Я бы, наверное, не сказал ей ничего, но Илья не мог не ответить, когда его спрашивает взрослый:
— Прощаться со Сталиным. Говорят, через два дня похороны.
Мама поставила кастрюлю на стол, молча села.
— Ох, ребята… Не надо вам ходить. Вы представляете, вся страна съедется, что там будет. Давка страшная. Старые люди у нас на фабрике Ходынку вспоминают. Знаете, сколько там народу задавили насмерть? Нет-нет, не ходите!
Илья выдержал паузу и сказал подчеркнуто спокойным голосом:
— Извините, Евфросинья Петровна, но мне кажется, что сравнивать похороны Сталина с коронацией Николая Второго неправильно. То были другие времена, власти не знали, как управляться с большим скоплением народа. У нас, я уверен, будет все организованно…

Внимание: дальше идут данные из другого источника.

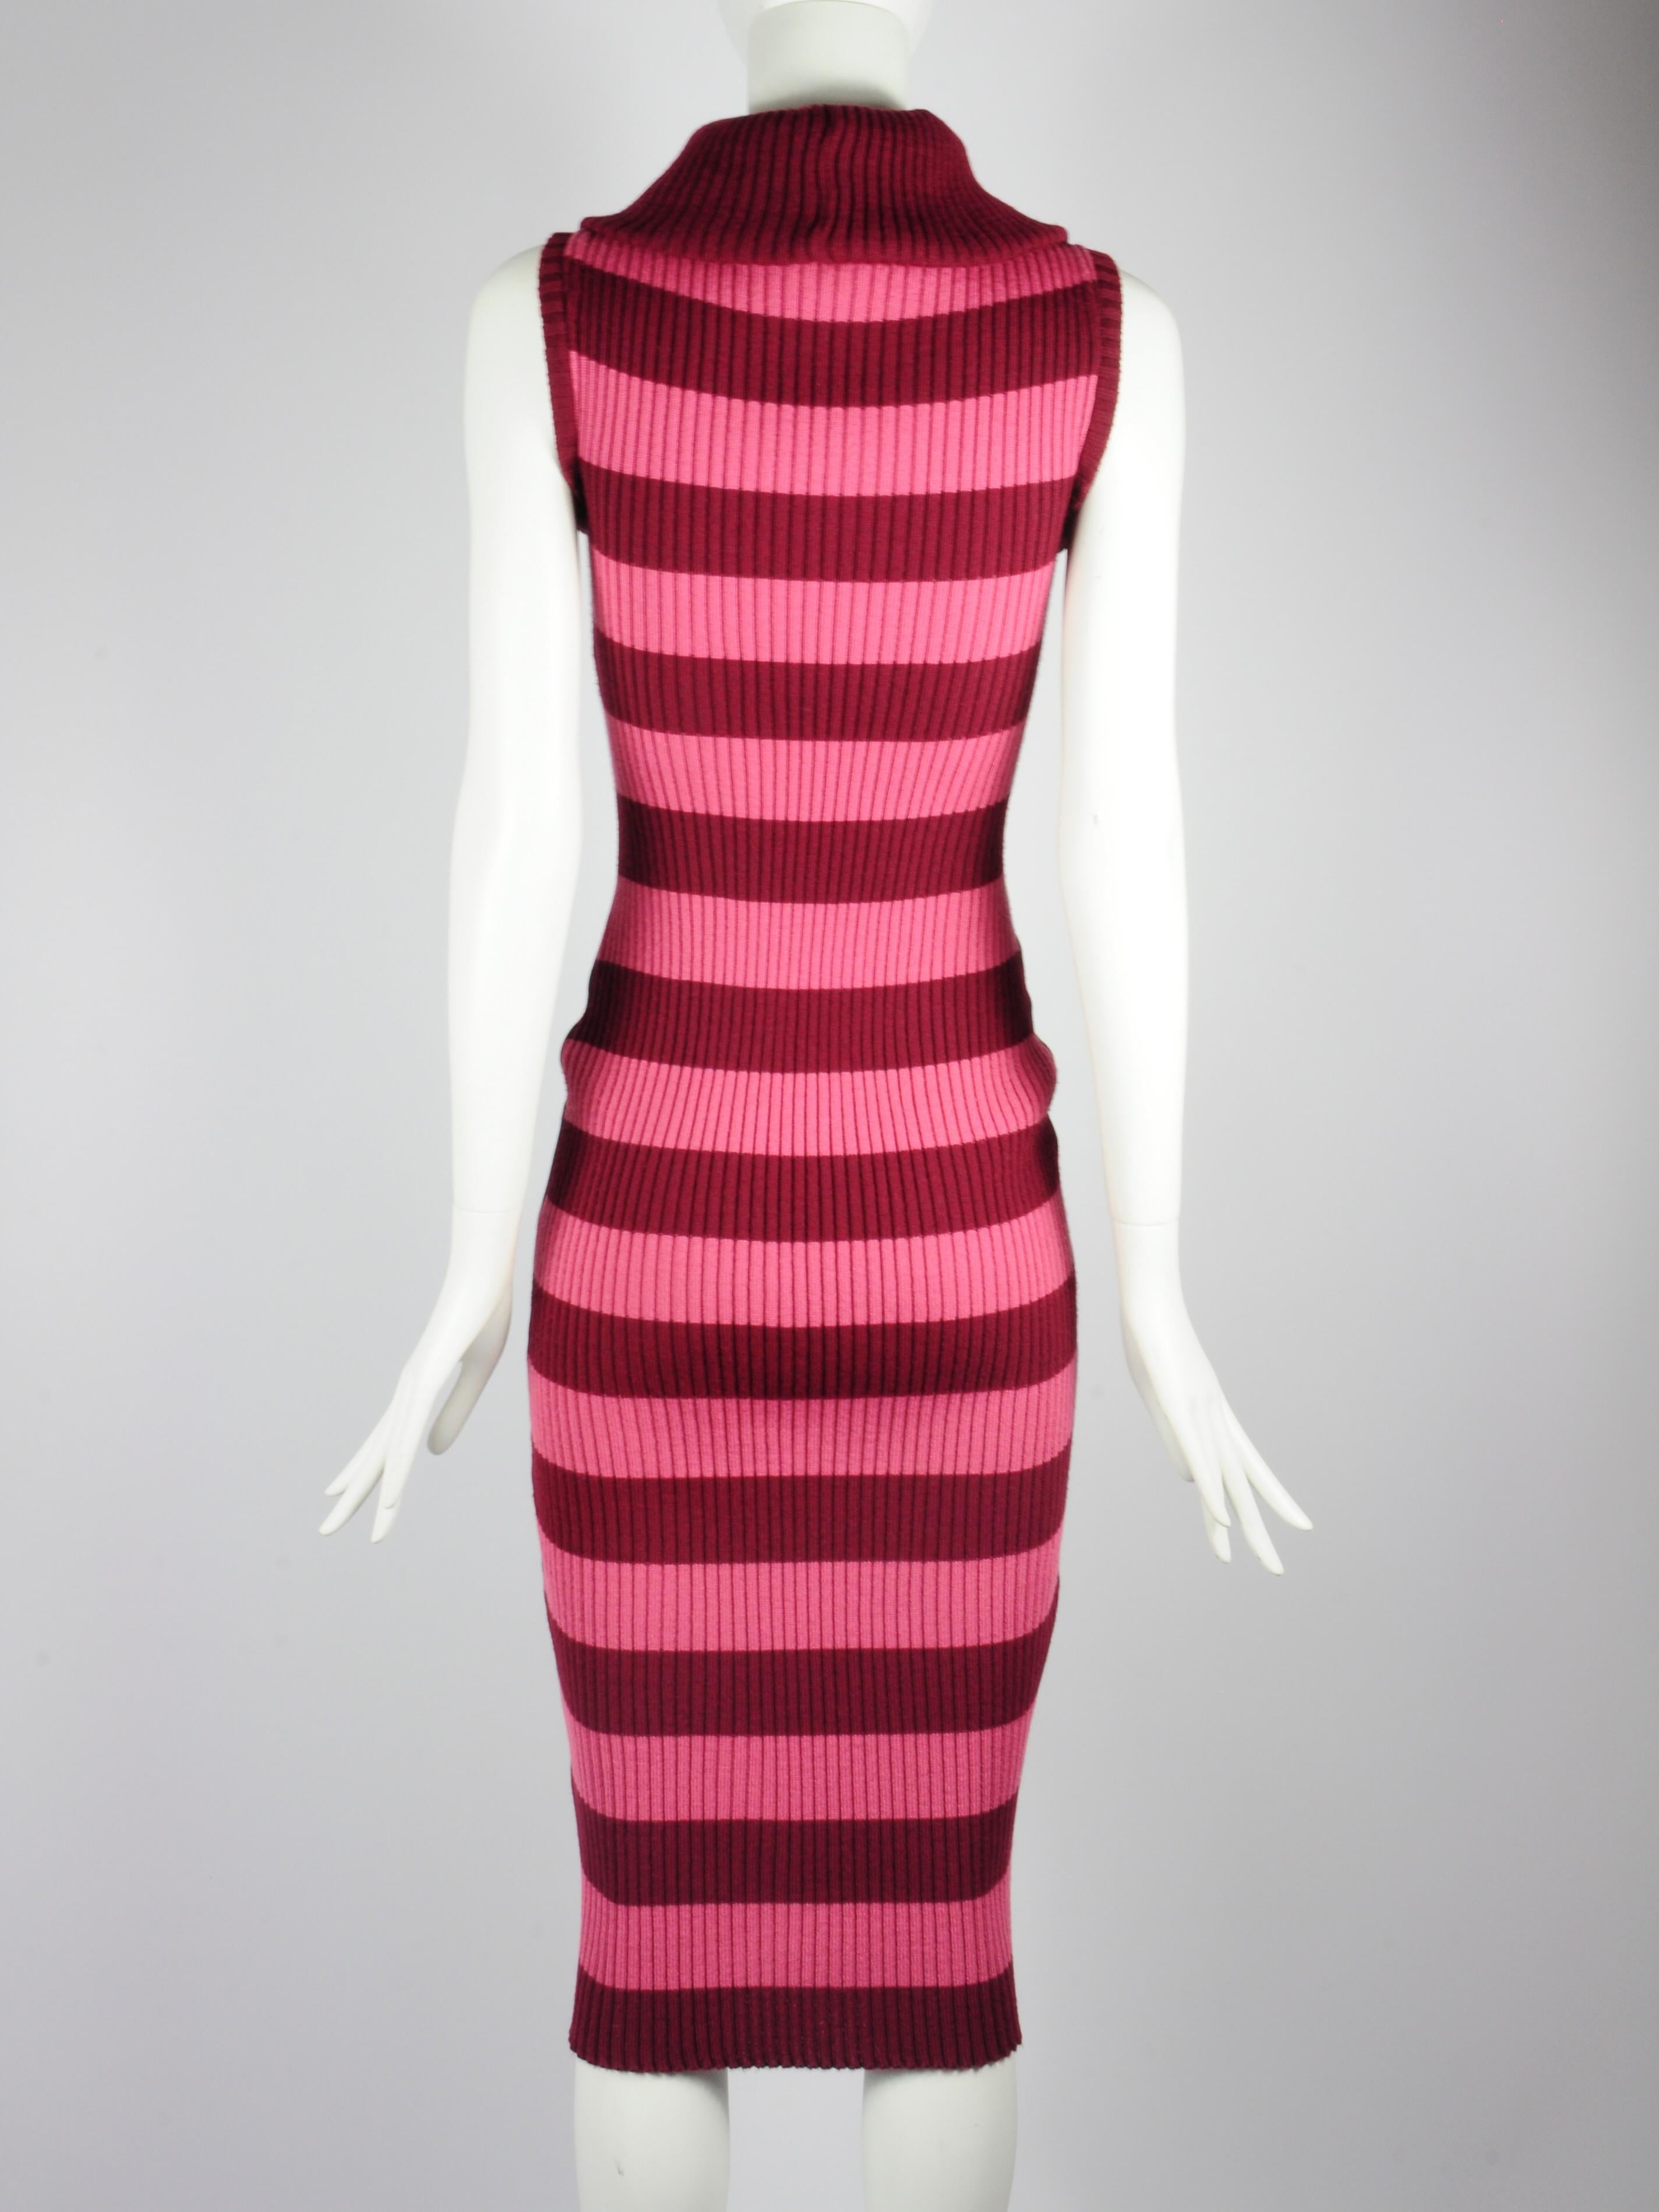 D&G Dolce & Gabbana Denim and Knitwear Dress Striped Turtleneck Sleeveless 1990s For Sale 10

— А ты маму свою спросил? — перебила она его. — Софья Марковна тебя отпустила?
Илья замялся:
— Я с ней пока не говорил.
— Вот видишь… Ну а я Костю не пущу.
Мне это показалось очень обидным. Что я — маленький, что ли? Да еще в присутствии моего лучшего друга!..
— Я пойду все равно! Я должен с ним проститься. Он был за справедливость, мы все ему обязаны!
— Никуда не пойдешь! Я ботинки твои запру. И пальто спрячу. Чем это мы ему обязаны? — Она говорила возбужденно, но старалась не повышать голос, чтобы не слышали соседи. — Это он затеял раскулачивание. Всю мою семью в Архангельскую область сослали. Чем я ему обязана?
Илья старался оставаться спокойным и вежливым:
— Как раз Сталин и указал на ошибки в процессе раскулачивания. «Головокружение от успехов».
Мама его будто и не слышала:
— Вся моя семья в этих проклятых болотах погибла. Я девочкой была, меня чужие люди спасли…
Свою угрозу она осуществила: спрятала мою одежду. Я все обыскал — нигде не нашел. Пришлось остаться дома.
А Илья пошел…
На следующий день мы услышали о сотнях погибших в давке на Трубной площади. А может, о тысячах…
Мама отдала мне мою одежду, и я побежал к Нейманам. Меня впустила в квартиру Эльвира Сигизмундовна. Одного ее вида было достаточно, чтобы понять: случилось что-то ужасное. Хрипло дыша, она проговорила:
— Софья помчалась туда. Его опознали по комсомольскому билету в кармане. Грудь продавлена, череп треснул… Они тело не хотят отдавать.
И вдруг она перешла на отчаянный крик:
— Тиран проклятый! Кровопийца! Даже после смерти продолжает убивать! Народ за Сталиным идет… куда? В могилу? Убийца!
Я смотрел на эту старую женщину, тяжело опиравшуюся на костыль, и начинал что-то понимать…
Хотя настоящее осознание пришло позже, через несколько лет.